Theater degrees are not useless


Performer in a dress standing in a dim theater setting, presumable part of a show.
Theater remains relevant to popular culture but with the pandemic, what theater looks like has shifted to a new model. (Photo courtesy of Unsplash)
 

Dead. Irrelevant. Goofy and embarrassing —this is how the theater is described now. Long before coronavirus introduced itself and promptly took a shit on the stage, theatermakers were struggling to fill seats and acquire funding. Even with the anomalous success of “Hamilton,” straight plays — plays with no musical numbers — haven’t been centerstage of entertainment for over a century.

This considered, it seems reasonable enough to posit theater may be taking a long day’s journey into night, and might even vanish altogether in the next few decades.

 So who in their right mind would choose to study it?

 Over 11,000 students who graduate every year with a degree in dramatic arts in the U.S. alone, that’s who. During the 2018-2019 season, Broadway musicals generated a whopping $1.43 billion and the median salary earned was over $60k. 

 If that’s what death looks like, grab a shovel and start grave-digging because that’s not half bad.

 Western theater was born out of ancient Greece alongside cartography, democracy and the alarm clock. It existed well after the Battle of Corinth ended the Greeks’ Titan rule, through the fall of Rome, the rise of Genghis Khan and even after the Black Plague wiped out half of Europe’s population. It adapted with the invention of improvisational comedy when Italian audiences presumably grew bored of rehearsed lines and adapted again in 17th century England when King Charles II decided sex jokes were funny. 

 Theater’s never so much as dreamt of taking a vacation, let alone withered away like a raisin in the sun. It’s here to stay, albeit in a somewhat less compelling form.

The effect coronavirus had on live events cannot be overstated. For two years, plays and festivals have largely taken place online, and their quality of participation has tanked. Though there are some counterarguments citing the inaccessibility of the more prototypical theater, anyone who’s sat through a Zoom play can tell you that what is gained does not outweigh what is lost.

 Theater isn’t dead. A pandemic simply kicked it out of its house. It’s not the first time; it won’t be the last.

 If that is true, it must also be true that theater degrees are not useless after all.
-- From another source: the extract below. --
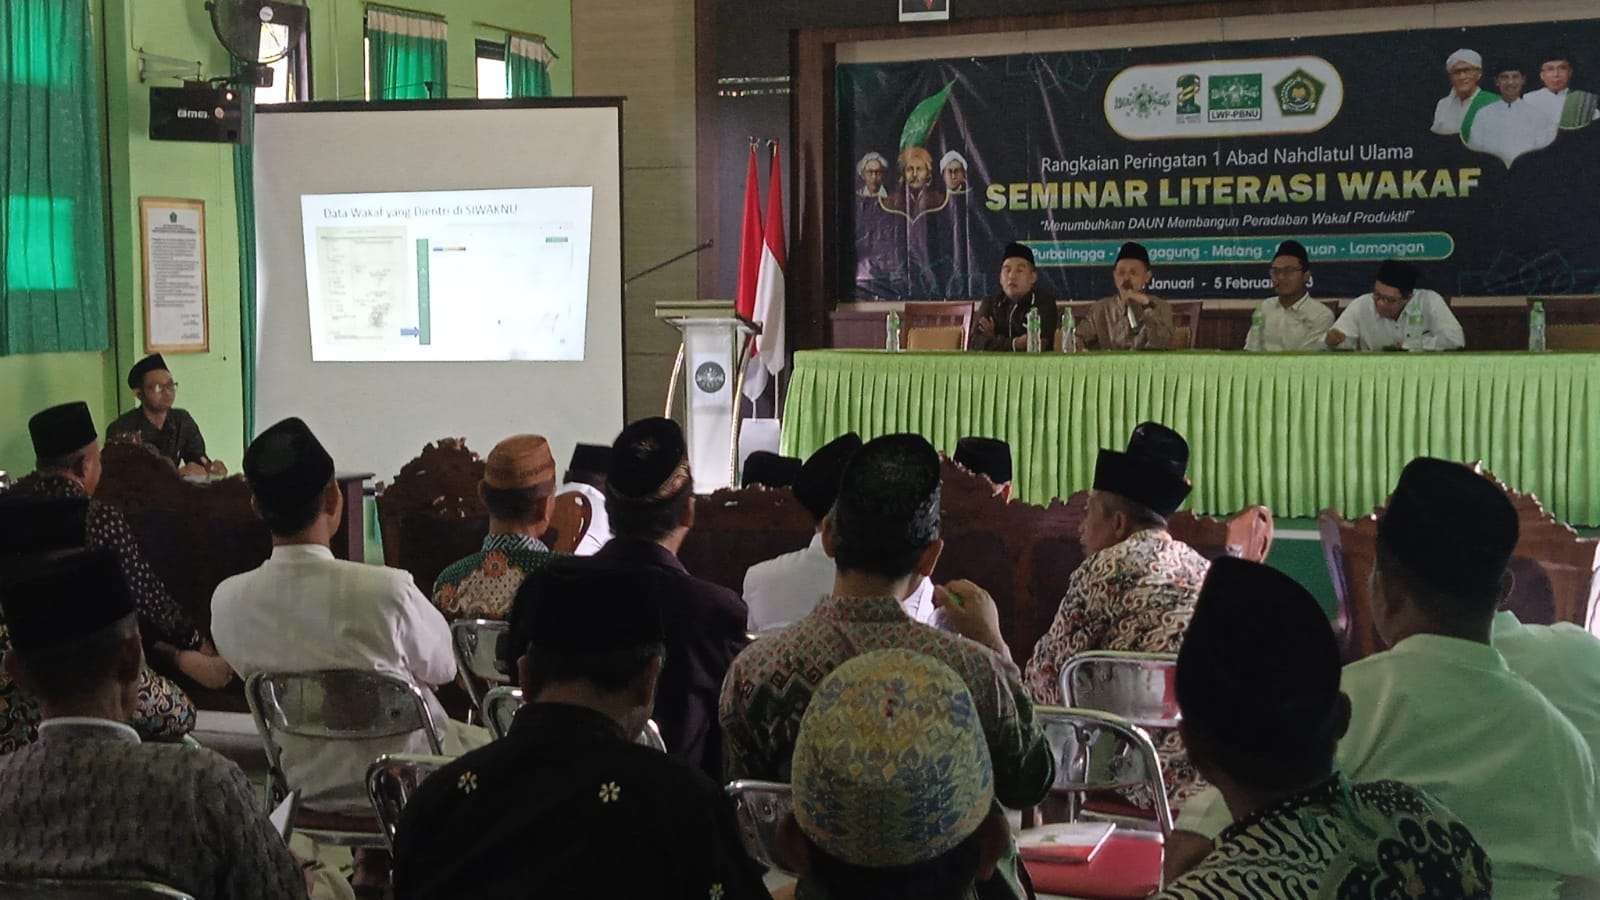 Keterangan Foto : Seminar literasi wakaf yang digelar LWPNU di Lamongan (Foto: Imron Rosidi/ngopibareng.id)

In fact, they impart a variety of invaluable skills to their recipients.

 Dramatic arts programs require a hefty amount of collaboration and communication because that’s what the industry requires of its employees. One large stage play can employ hundreds of people, and it’s absolutely essential to the success of the performance that they all converge with the same overarching artistic understanding and practical follow-through. Otherwise, the event will fall apart and quickly.

 Theatermakers — especially actors — may be better able to handle criticism, even when it’s painfully personal. The competitive nature of the entertainment industry imparts a sort of mandatory resilience. Getting rejected on the basis of hair color, height and nepotism would toughen any person.

 Simultaneously, a career in theater arts is a creative endeavor. Empathy begets creativity, at least according to Chris Adkins, the executive director of the Notre Dame Deloitte Center of Ethical Leadership. 

 “Empathy begins with attention. Creativity does too. In both cases, you pay attention to the data you take in,” Adkins said. “When you empathize with some one, you’re stretching outside of yourself and stretching into that person’s world.”

 Which leads to the next point: stage managers, directors and designers are quick-thinking team members — they have to be. Live events always operate under a certain level of stress and are subject to acts of inconvenient randomness. To ensure a project’s safe and effective operation, crew members must be quick on their feet, ready to pin a falling skirt or reset the stage at a moment’s notice.

 With all of that considered, it would seem theater people make rather valuable members of the workplace, so much so that they check every box on Forbes’ list of most valuable professional skills with the unimportant exception of technical abilities. Computers and their technicians get enough credit for running the modern world; do they really need domain over our black box theaters, too?

 Theater is a live performance subject to change from performance to performance. A campfire lit on Wednesday won’t burn the same as one on Sunday; the kindling, temperature and environmental moisture will inevitably vary . That’s the beauty of classic theater: The promise of surprise, which will never grow old. Filmmaking is built on this same principle, a testament to the art of storytelling’s ability to metamorphose and live out several hundred lifetimes.